Minha mãe sempre me dizia que o mundo era difícil, mas eu era imbecil demais para
acreditar. Eu estava sozinho no bar tentando ser genial. Inocente.
"O Dreher, senhor"
Vi um borrão amarelo enquanto bebia um gole. Sem
chance, a emoção não voltaria. Não se fazem mais semáforos como antigamente.

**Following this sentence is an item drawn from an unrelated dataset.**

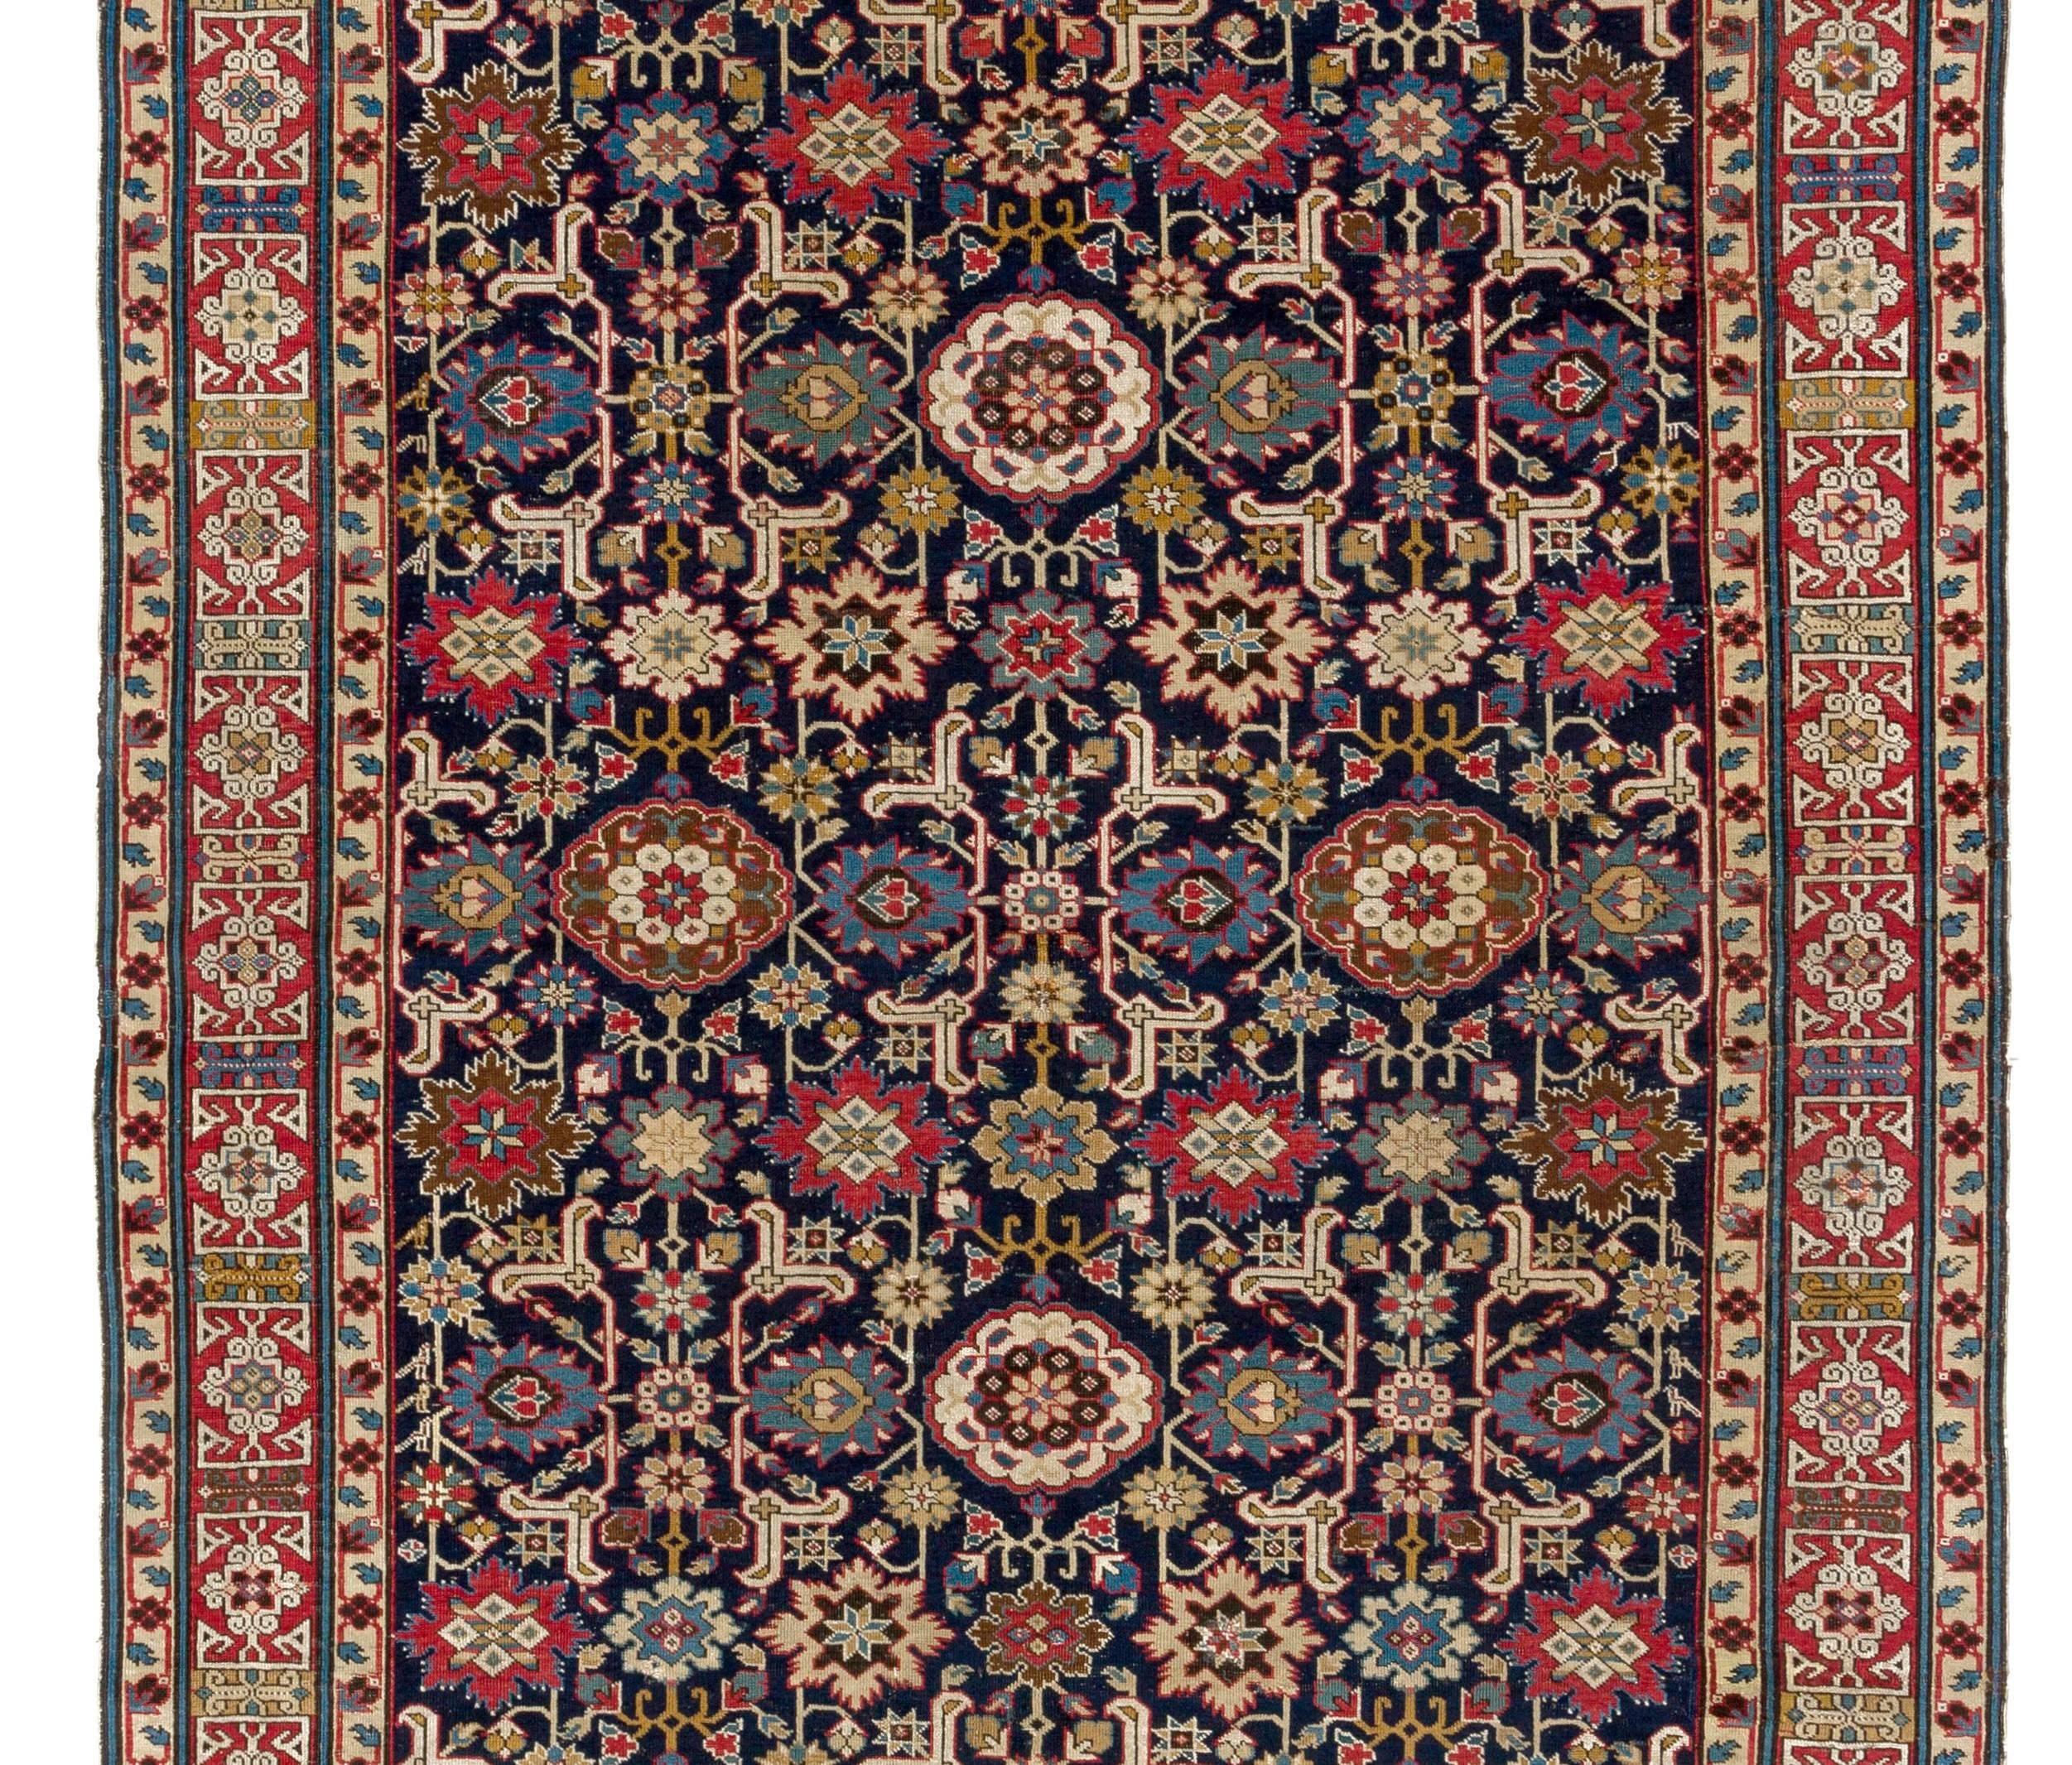 Ein prächtiger Afschan-Kuba-Teppich mit hohem Sammlerwert aus der Zeit um 1840. Er gehört zu einer Familie bedeutender Teppiche, die im Nordkaukasus im Auftrag von Palästen und wohlhabenden Haushalten gewebt wurden. Ihre Inspiration für die

Talvez eu devesse largar tudo. Se eu fingisse ser louco não causaria tantos
problemas. Certamente seria internado e receberia tratamento gratuito do
governo. Que merda eu fui fazer da minha vida? Eu poderia estar trabalhando no
Terraço Itália, apenas repetindo a frase decorada “boa noite, senhor, seja bem
vindo, quer conferir o menu? Estou aqui para serví-lo, monsier”. Talvez eu
tivesse que fazer a barba. Tudo pelo ofício! Mas que merda, eu não serviria para isso. Bom
mesmo era tentar se emocionar com o brilho do semáforo e beber sozinho. Assim
eu era feliz. Existia amor em SP.
Pensei em ir para a Praça Roosevelt e procurar por
Mário Bortolotto para que ele lesse um dos meus contos, sei lá, para ver se eu
levava jeito e se poderia continuar na área, mas eu provavelmente ouviria um
“vai se foder, cara, ficarei feliz de não encontrá-lo nos próximos 256 anos”. Então
eu daria um soco bem no meio da testa dele. Ou talvez ele tomaria um Dreher comigo
e ficaríamos em paz. Nunca se sabe. O Bortolotto deve ser um cara legal e eu
adoraria ouvir ele dizendo que já fumou maconha com Bob Dylan ou que já comeu o
David Bowie. Talvez o brilho do semáforo da Roosevelt fosse mais emocionante. Mas
não fui para a Roosevelt. Eu continuava sozinho. Como eu adorava estar sozinho.
Sentia tesão mesmo.
“Tem cigarro?”
“Tem sim, senhor”
“Marlboro?
“Sim, senhor”
“Desce um então”
Cigarro aceso. O borrão verde e amarelo e vermelho
começou a se misturar com a iluminação da rua. Era um mix de semáforo com
carros e motos e puteiros. A calçada suja, típica daquele submundo em que eu
estava. O cheiro de vômito. Quanta emoção. Era quase um orgasmo. Que merda não
conseguir escrever sobre aquilo. A vista embaçada. Então vi Mário Bortolotto
atravessando a rua. Borrão verde para os carros. Perigo! Ele correu para chegar
ao outro lado e não ser atropelado. Segundos de suspense. Conseguiu. Que cara
ousado! Voltei a ter esperança no ser humano naquele momento. Ninguém se
importava. Mas se o mundo fosse um filme do Tarantino estrelado por mim se
importariam. Do contrário, levariam um tiro na cabeça. O semáforo me emocionou.
O que mudou? O brilho do semáforo ou o que passei a ver graças a luz emitida
por ele? Mandei descer outro Dreher.